Baby Bunting shares are up almost 10 per cent after the baby goods retailer said its full-year earnings were up 22 to 25 per cent from the past year.

The baby retailer released unaudited figures on Wednesday showing it earned between $33 million and $34 million before interest, tax, depreciation and amortisation (EBITDA) in fiscal 2020,.

Net profit after tax was up 29 to 35 per cent to between $18.5 million and $19.5 million.

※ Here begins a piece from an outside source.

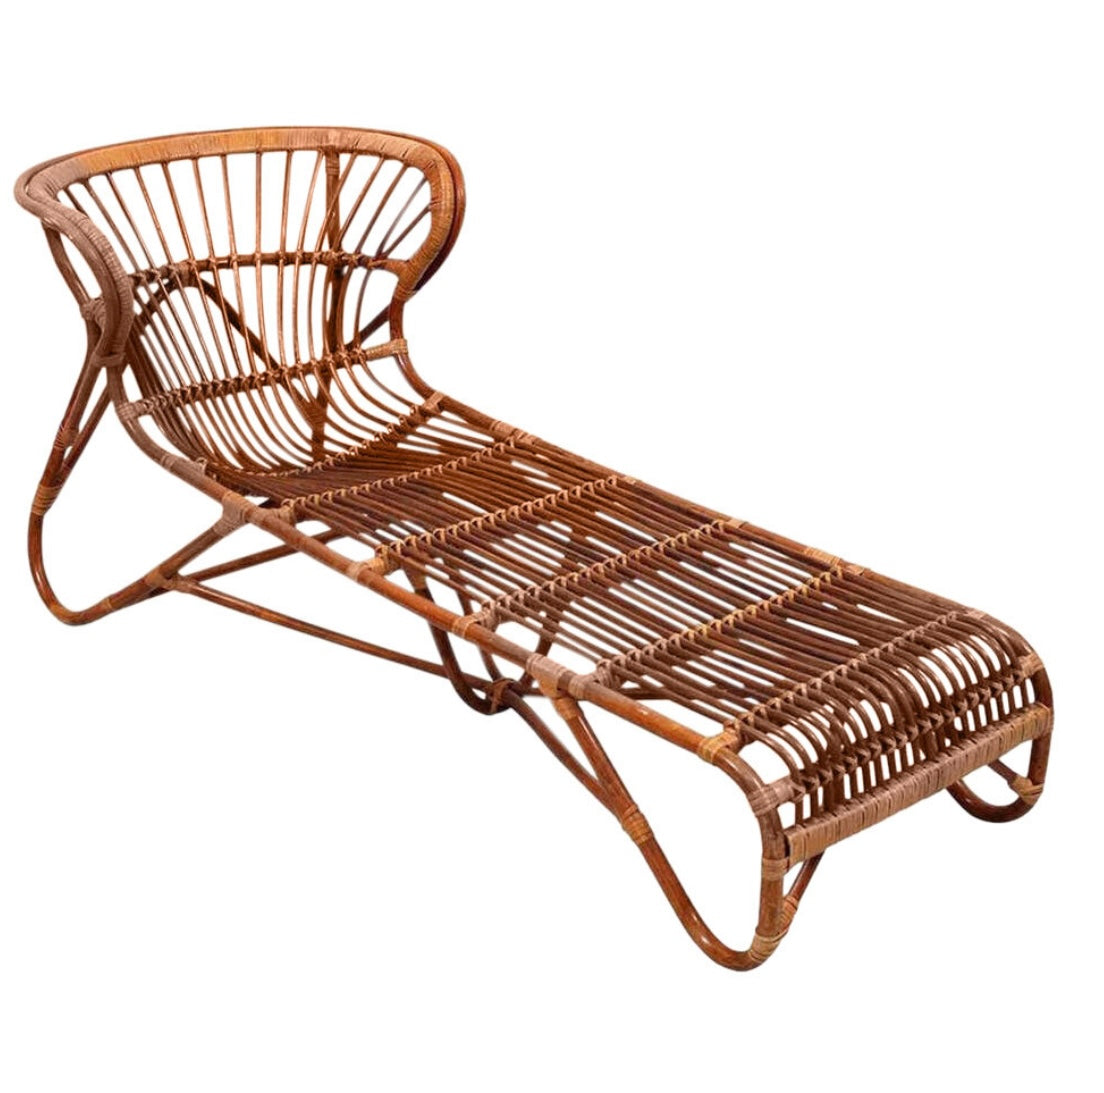 1960’s rare bamboo lounge chair attributed to Franco Albini

Total sales were up 12 per cent to about $405 million, with same store-sales up 4.9 per cent, Baby Bunting said on Wednesday.

“These are very positive results, in particular given the impact of the COVID-19 pandemic on communities in Australia,” said chief executive Matt Spencer.

All of its stores remaining open during the lockdowns and the team worked “incredibly hard to adapt,” Mr Spencer said.

Baby Bunting ended the year with zero debt and $13 million in the cash, he said.

“To finish the year the way we did in a difficult environment shows the strength of the brand and the dedication of our team,” Mr Spencer said.

The company recently began shipping to customers in New Zealand via its website and plans to soon open a new store at Westfield Knox in Melbourne and in other locations in NSW, he said.

Trading in fiscal 2021 has so far been positive, he added.

The company will release unaudited figures on August 14.

At 1119 AEST, Baby Bunting shares were up 9.8 per cent to $3.46, their highest level since late February.